Just when you thought there were enough Brits in this emirate, the Dubai government is launching a US$ 1.5 million marketing campaign to encourage even more to visit. The UK used to be the biggest feeder for the local tourism industry but has recently been surpassed by both Saudi Arabia and India. Despite a 10% drop in UK arrivals – down to about 650,000 last year – a staggering 9.3 million visitors still arrived in Dubai.
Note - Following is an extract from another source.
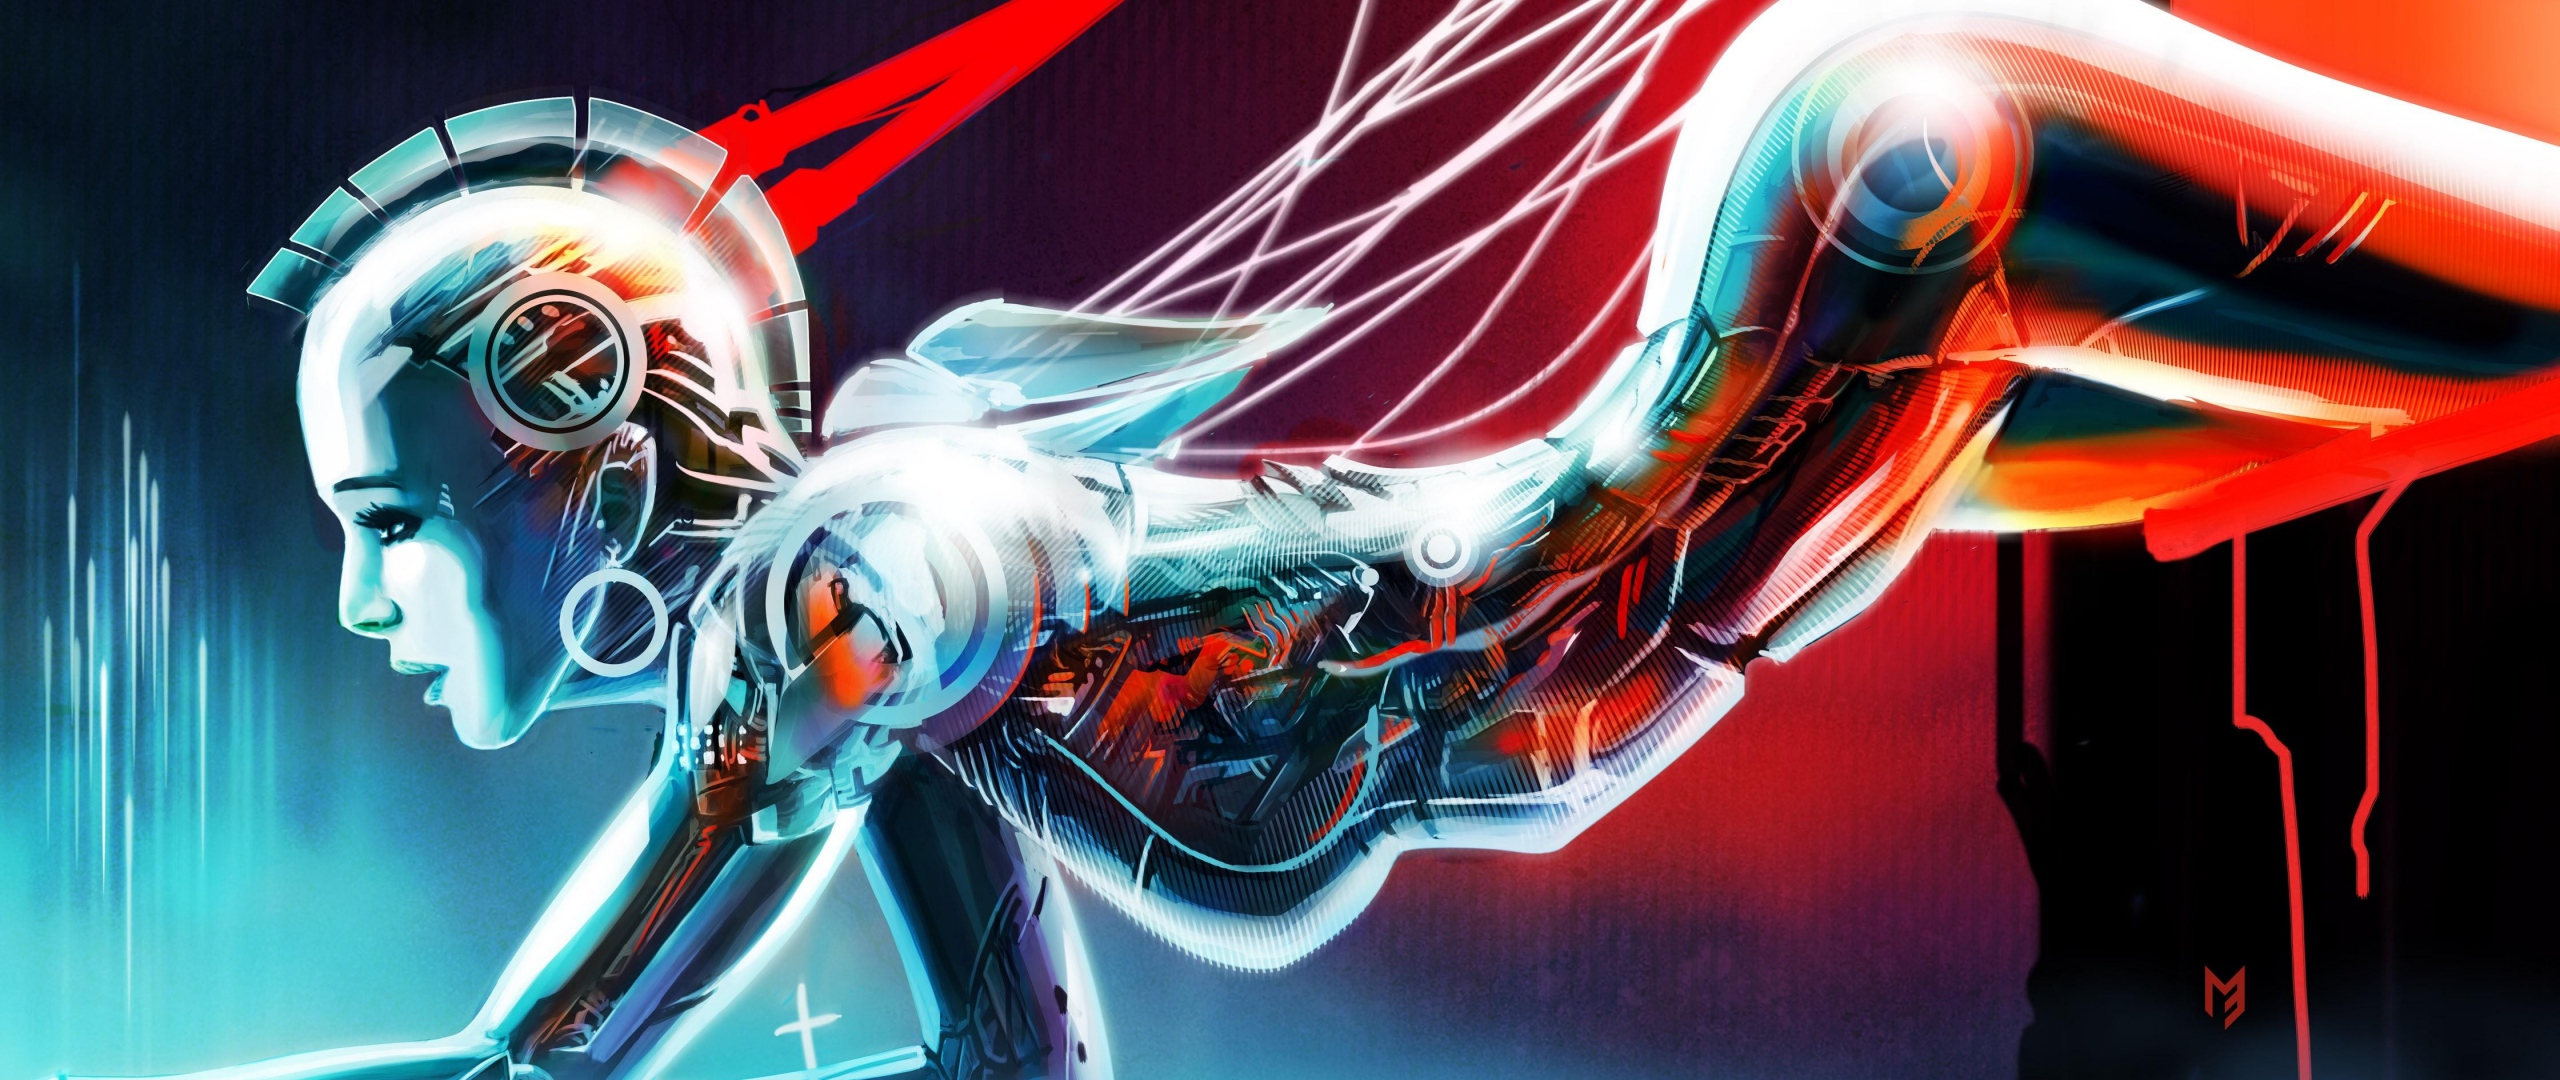 Girl Robot Cyborg Lie Wallpaper Background

Good news for the hotels which saw their Revenue jump 20% to an estimated US$ 4.4 billion.
A knock-on effect of this is that Emirates, now the biggest international carrier globally, continues to expand its operations so much so that the group has recently announced that it will be adding a further 10,000 staff to its existing payroll of 60,000. This increase in its business has another welcome benefit as the airline’s bond yield continues to fall to record lows.
This rebound should go a long way in helping credit market confidence improve, particularly as within three months, the DIFC must repay a US$ 1.25 billion Islamic bond.
Even better news for Dubai real estate! Mortgage lenders saw business jump nearly 60% last year whilst property transactions rose 12% to over US$ 23 billion. In addition, Q4 home sales saw a 65% gain over Q3. It seems that banks and other financial institutions have started cutting lending rates and are actively searching for new customers – a welcome change from the moribund state this sector has recently exhibited.
Initially most of the mortgage lending was carried out by Amlak and Tamweel and when the inevitable crash came in 2008, both entities hit the skids and their share trading was suspended. Since then, we have seen Tamweel being taken over by Dubai Islamic Bank in 2010 and now the government has cut Amlak’s debt by US$ 1.1 billion.
This week, the Dubai Financial Market continues its “correction phase” with the market 22 points lower at 1660. Although down on the week it is still showing a healthy 20%+ hike already this year.
Talking about stock exchanges, the federal government is currently considering the viability of the Abu Dhabi and Dubai bourses merging their activities. To a layman, this looks a logical move and would prove beneficial for all stakeholders.
Of course, a global slowdown in trade will impinge on Dubai’s economy. Factors, such as the high oil price (currently around the US$ 106 mark) and a worsening of the euro-debt crisis, will inevitably reduce both the number of tourists coming here and a slowdown in air passenger numbers.
With the oil price set to hover above the US$ 100 a barrel mark for the foreseeable future, it is interesting to note the prices at the pump in different countries. Rumblings continue that Dubai prices are relatively high at US$ 0.47 per litre when compared to other Gulf countries – Saudi Arabia (US$ 0.11), and Kuwait (US$ 0.20). However they pale into significance when looking at say UK (US$ 2.11) and Norway (US$ 2.58) but then a lot of people can have a whinge when in Venezuela, 1 litre will knock you back just over US$ 0.02!
Up the Gulf coast, news that the Bahraini investment bank, Arcapita, has filed for bankruptcy protection (Chapter 11) in the US following a breakdown in creditor talks over a US$ 1 billion debt. This could have repercussions for the Gulf region as European banks are becoming increasingly reluctant to lend as they need to shore up their own capital bases to meet the European challenges.
Continued sabre-rattling over Iran continues to dog the region and the increased sanctions recently imposed are beginning to affect trade. The latest blow came with the announcement that 44 Iranian financial institutions were blocked from using SWIFT, the messaging system which links many of the global banks. When one considers that Iran made over two million “SWIFT” payments in 2010, it is not difficult to see that their banking lifeline is being cut drastically. Consequently, the negative impact on bi-lateral trade with Dubai will be considerable.
And to conclude – no surprise to see the dearth of any positive moves in settling the Syrian crisis. Once again, the UN appears to be as useful as a chocolate teapot!